Start of Data section
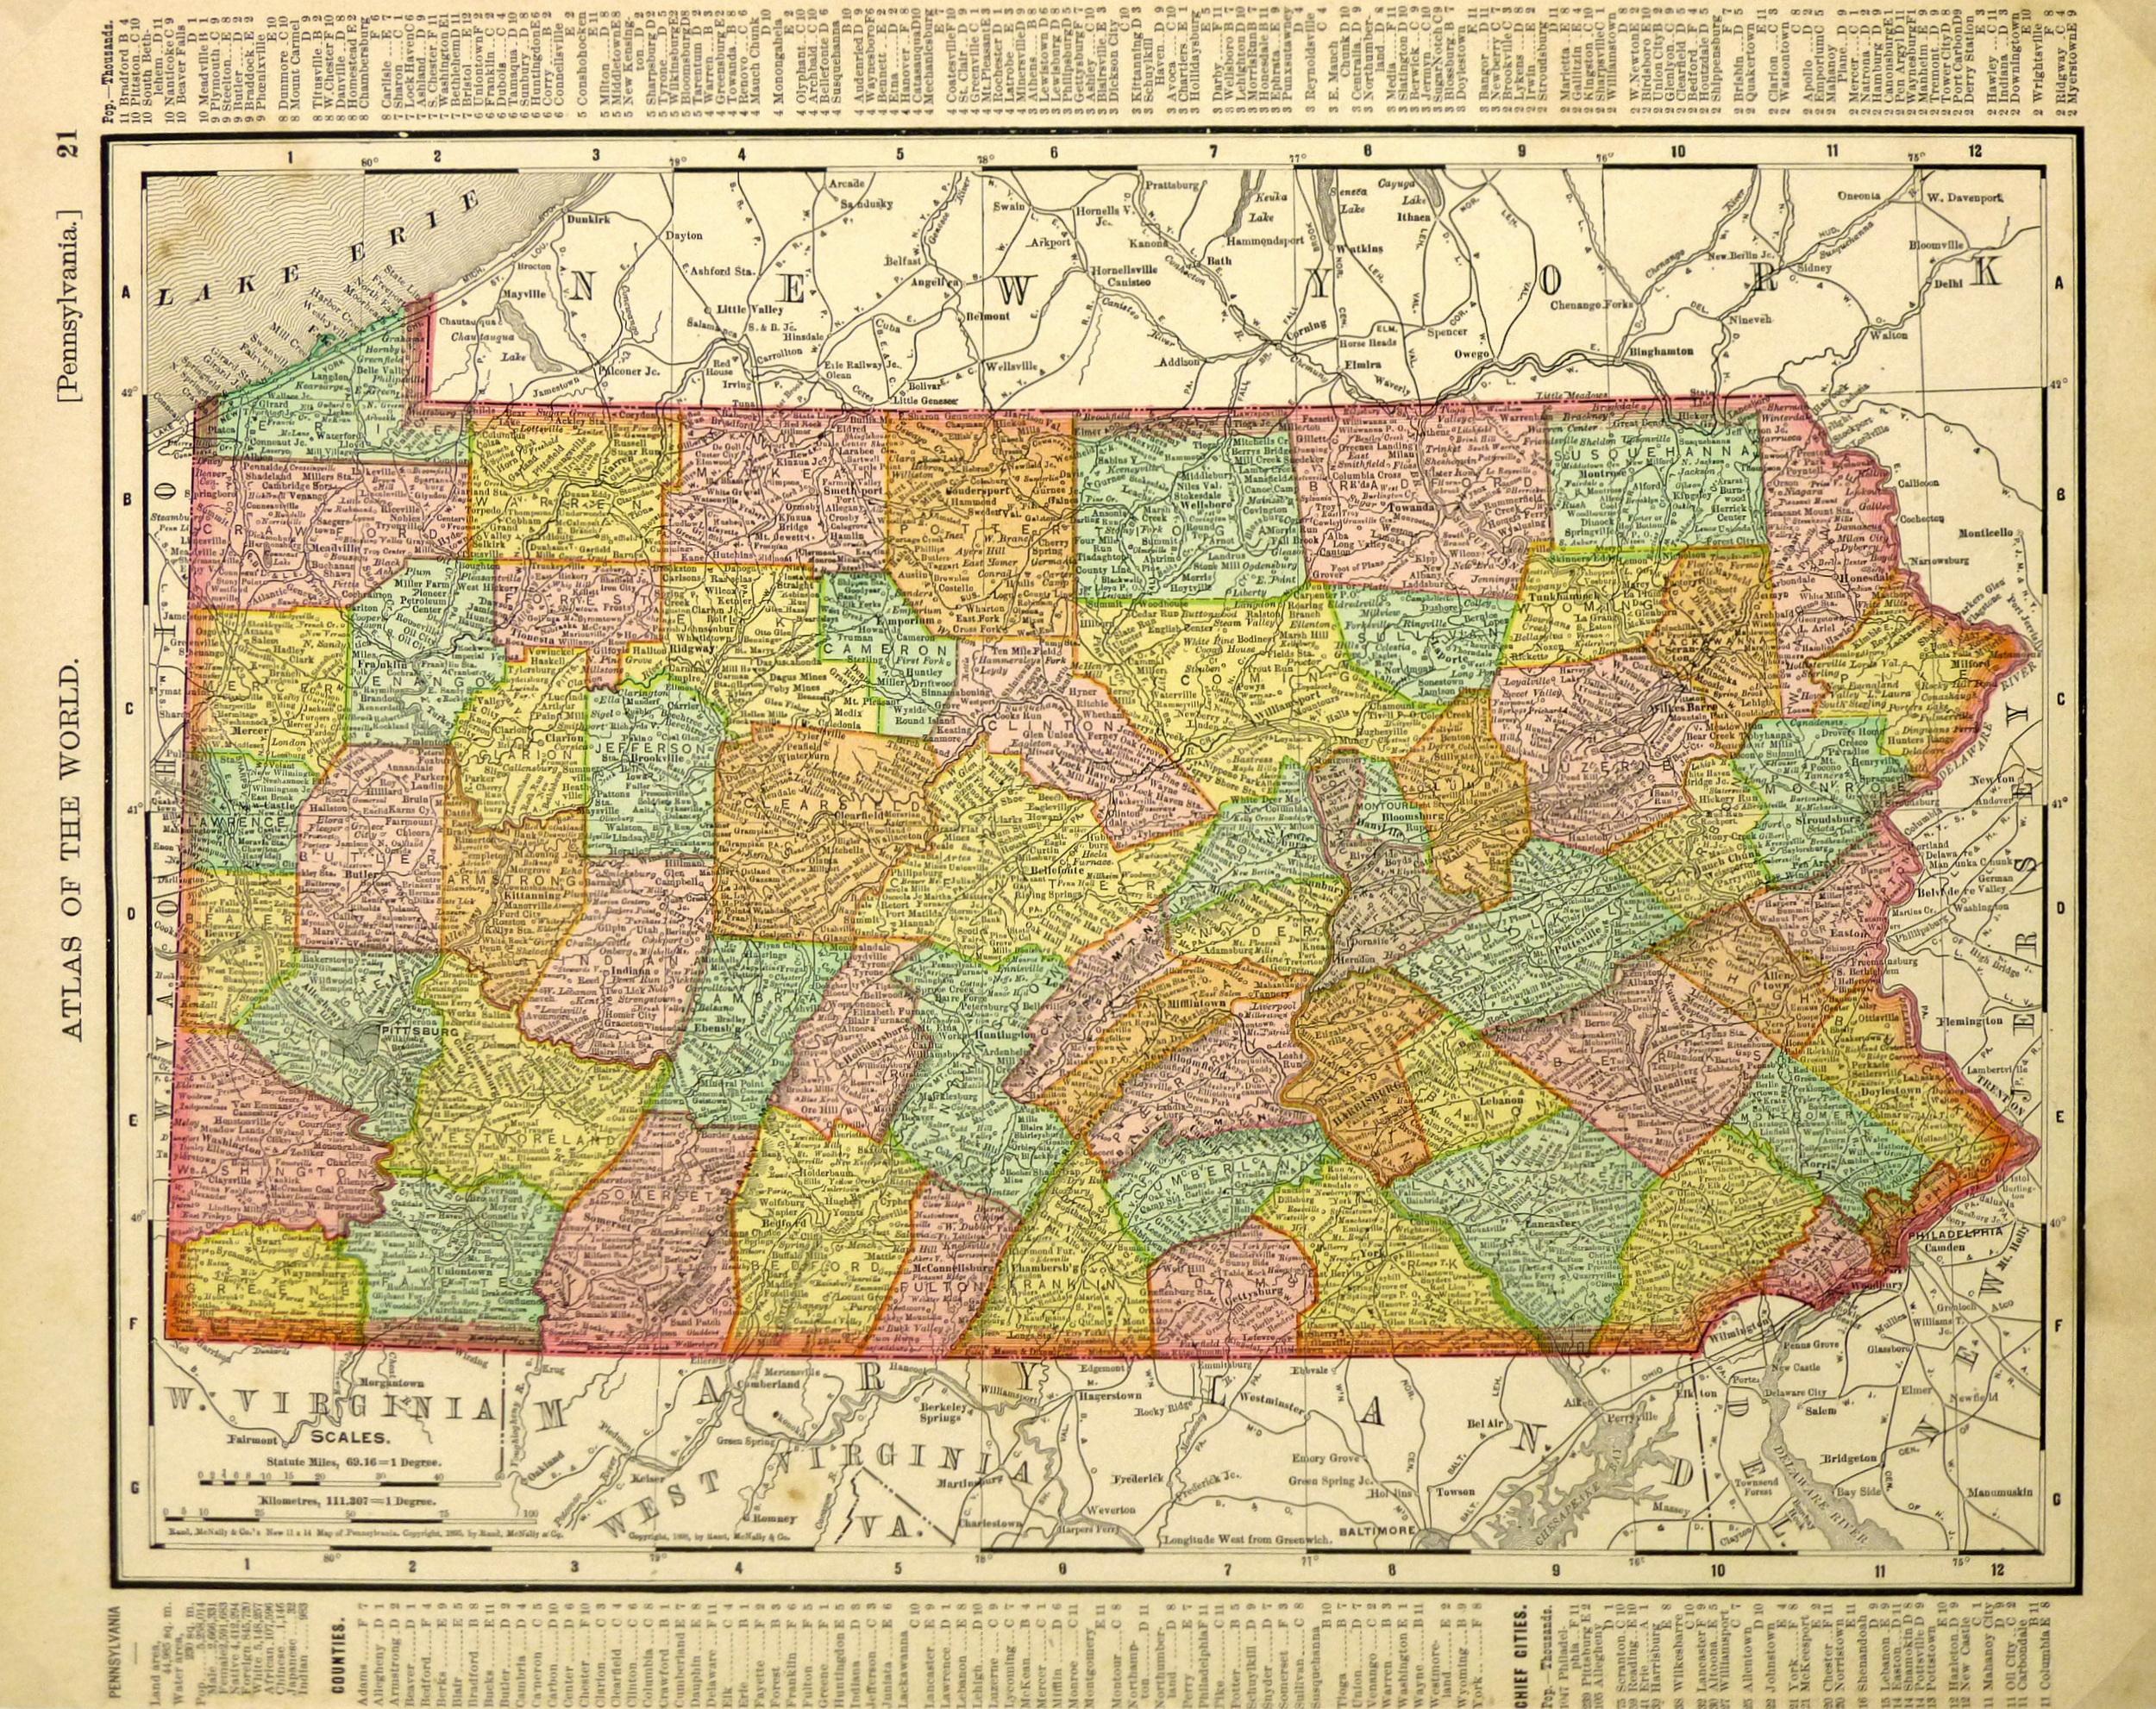 Map of Pennsylvania, 1895-main-6449K
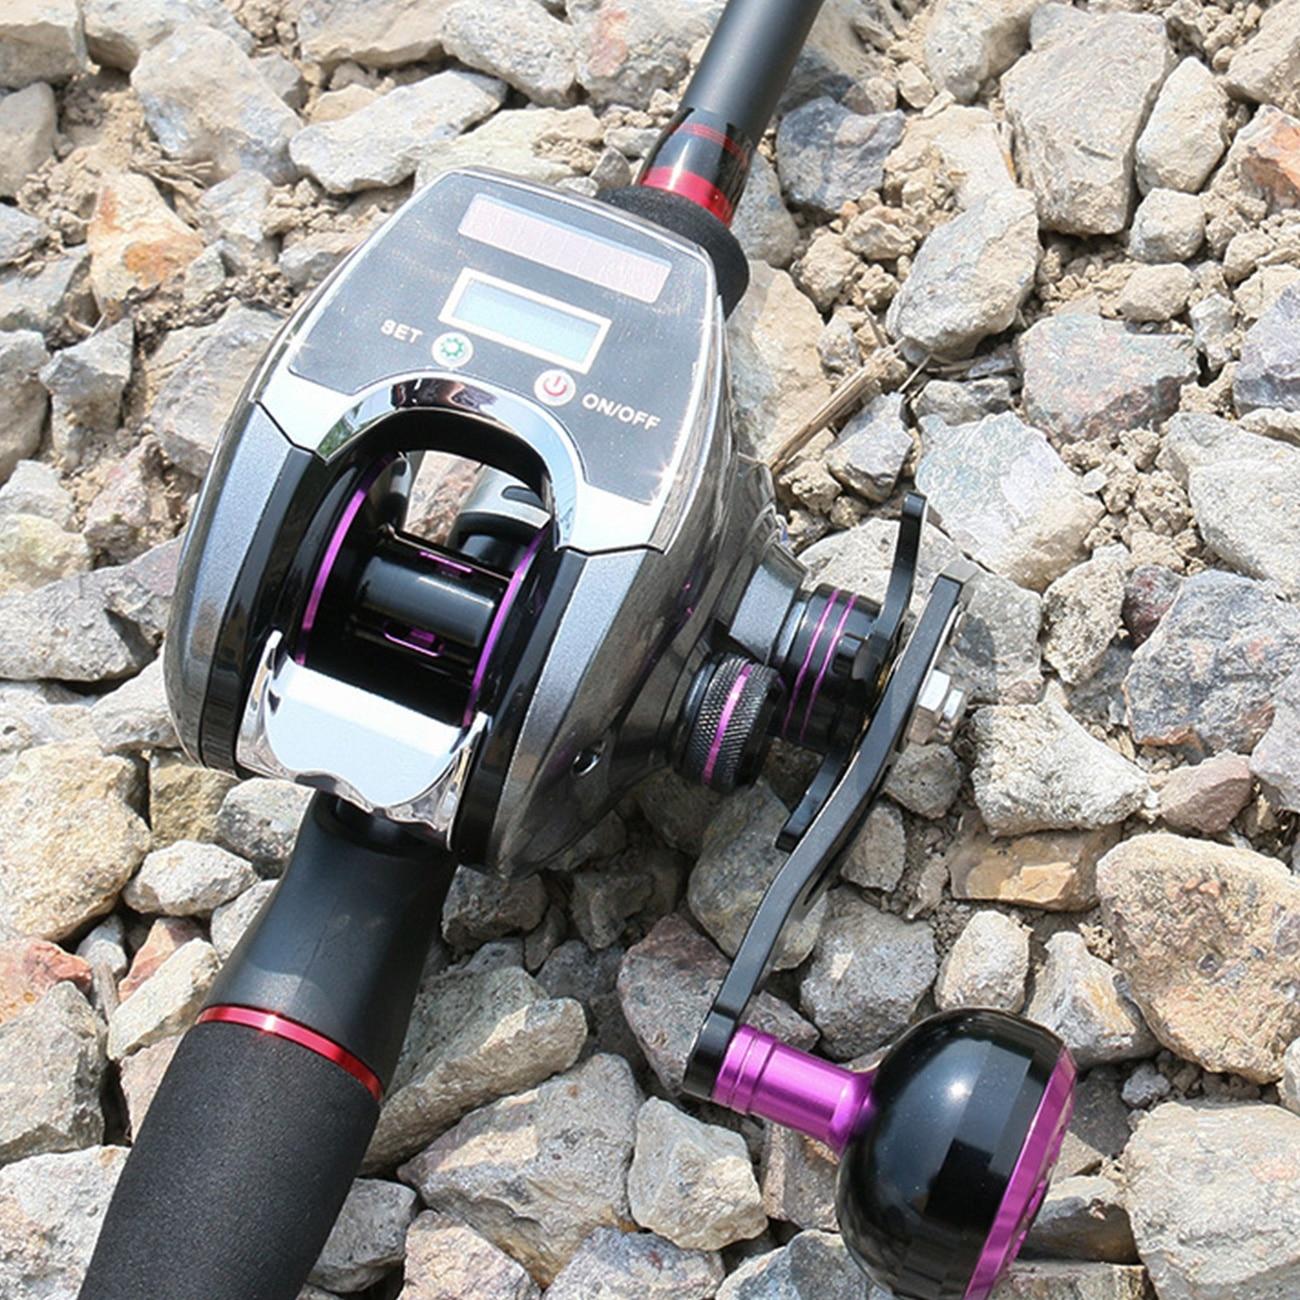 Solar Powered Fishing Reel Rechargeable Digital Display Baitcasting Reel Professional Spinning Fishing Reel enlarge
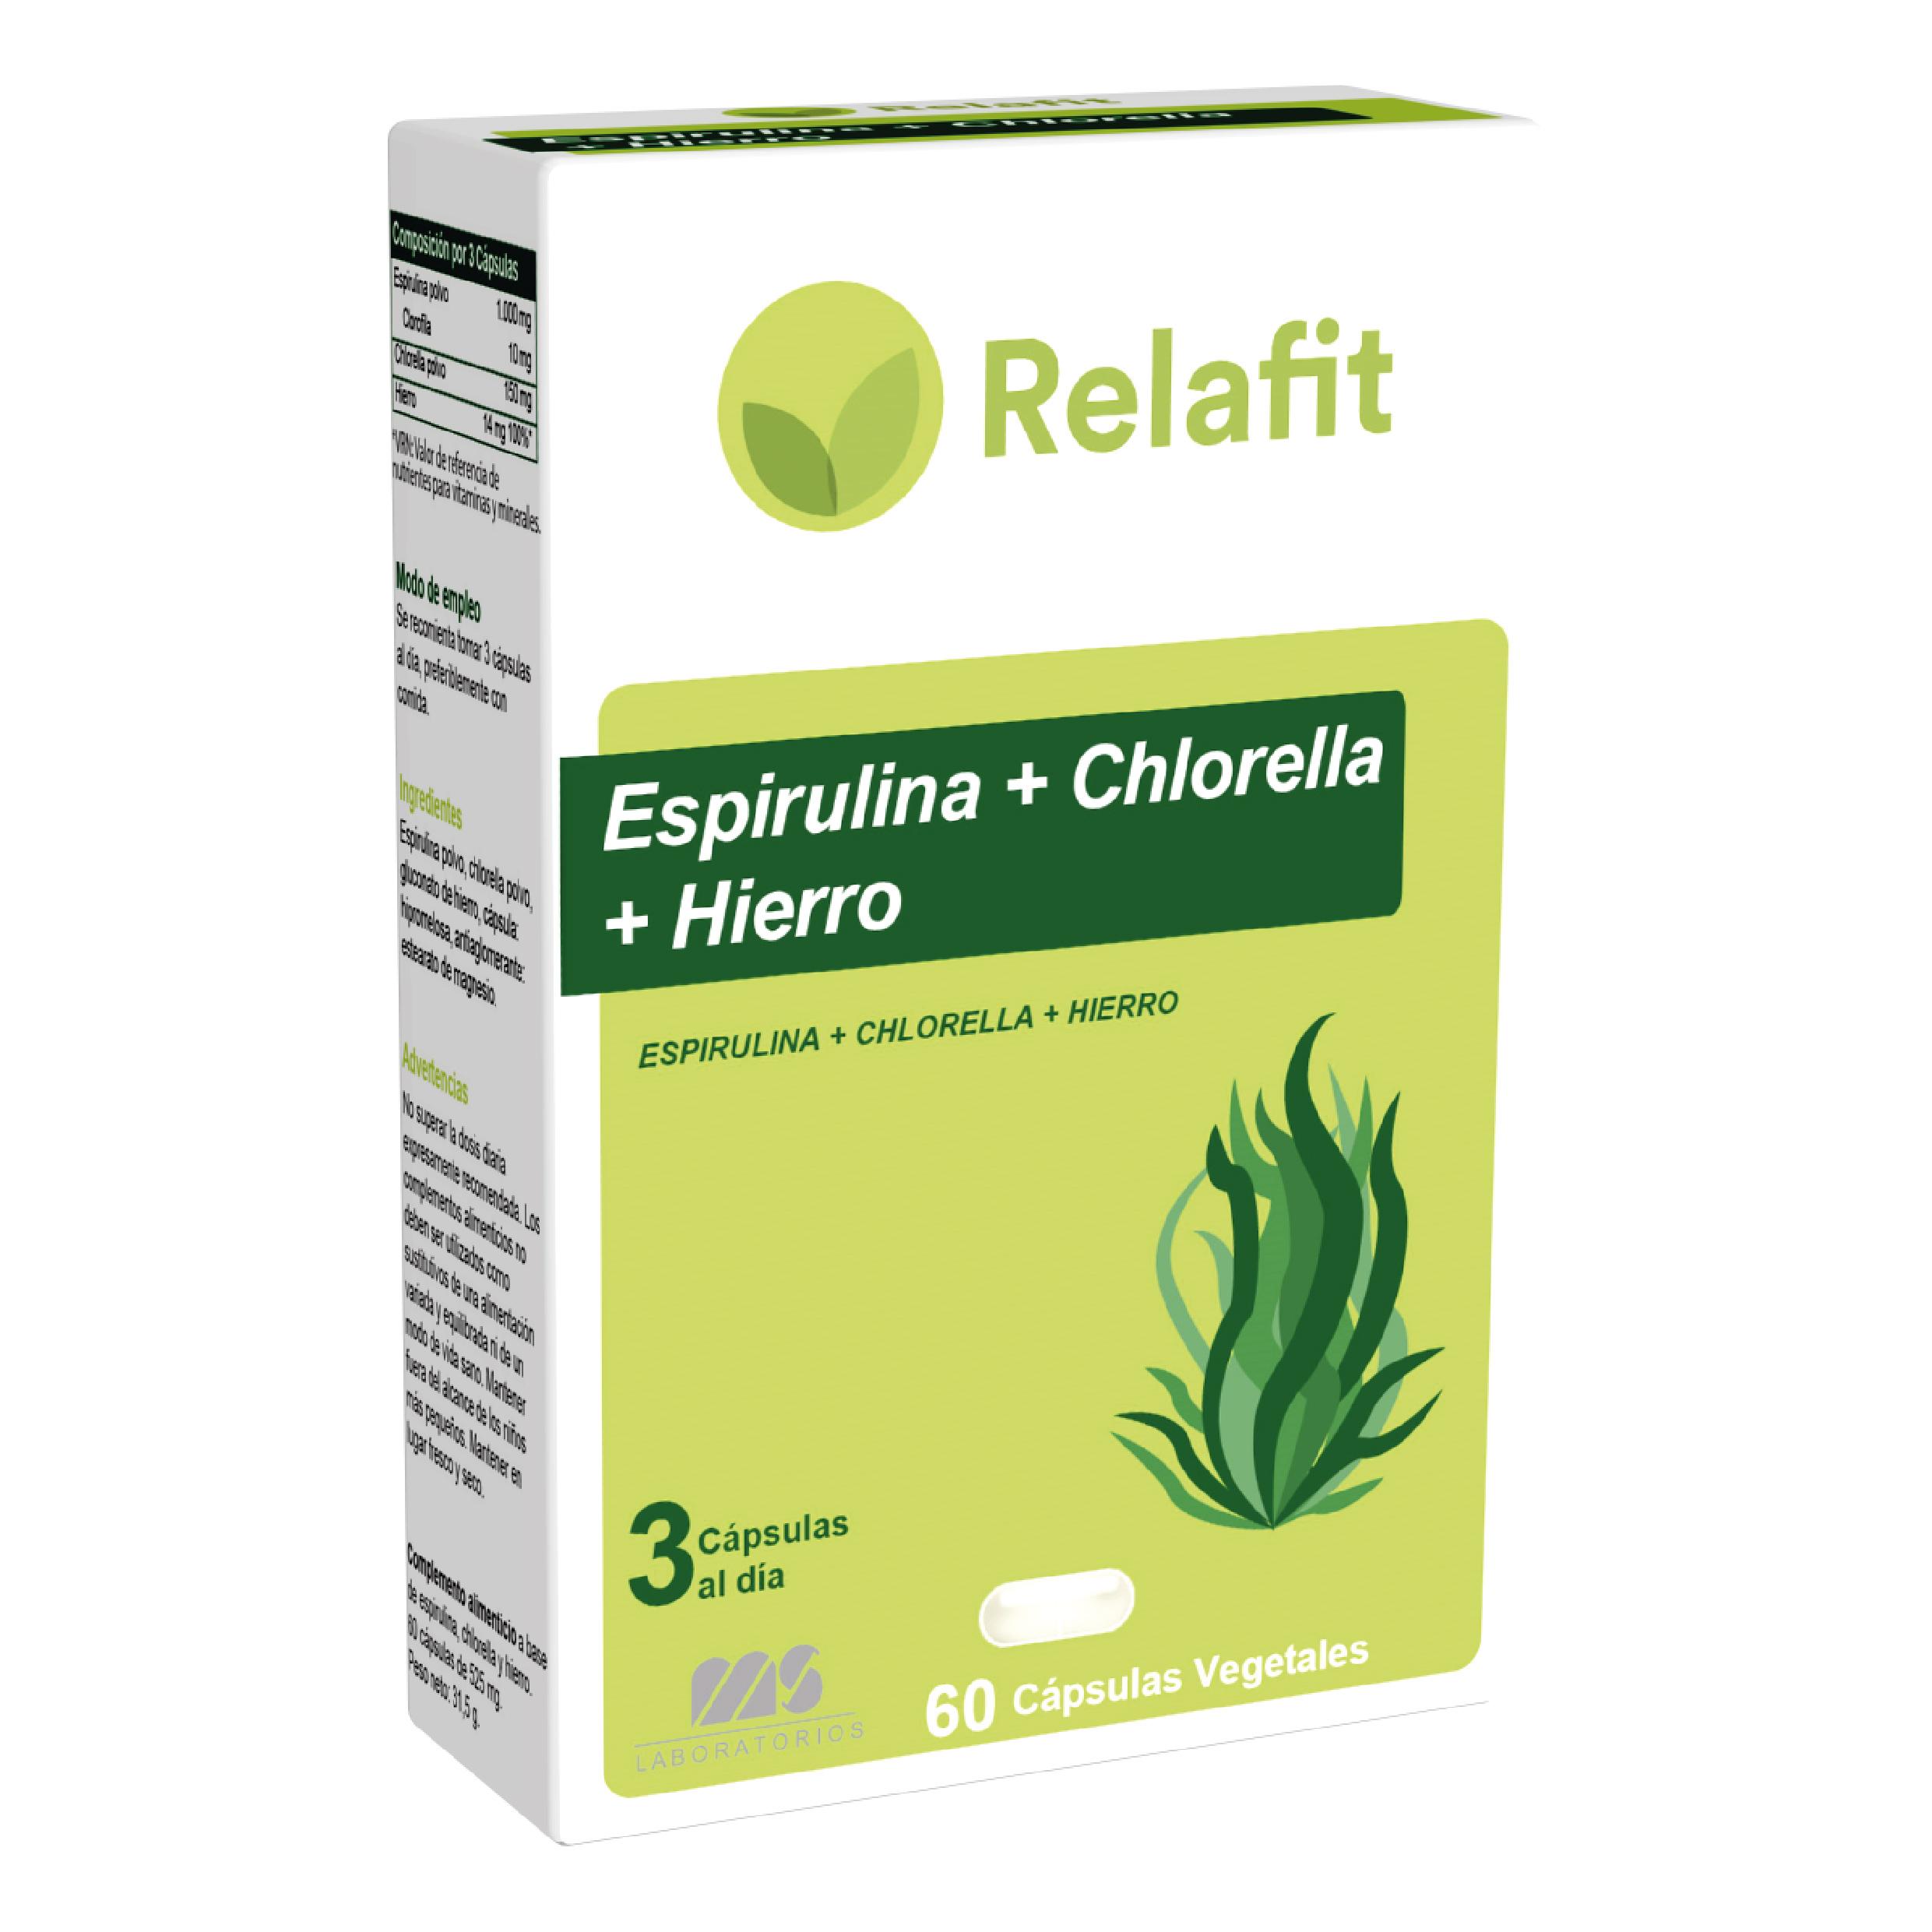 Espirulinaa + Chlorella + Hierro
End of Data section
- Work order: Repeat the whole of the material above exactly, but keep the pictures out.

- Exercise solution:
 Map of Pennsylvania, 1895-main-6449K
 Solar Powered Fishing Reel Rechargeable Digital Display Baitcasting Reel Professional Spinning Fishing Reel enlarge
 Espirulinaa + Chlorella + Hierro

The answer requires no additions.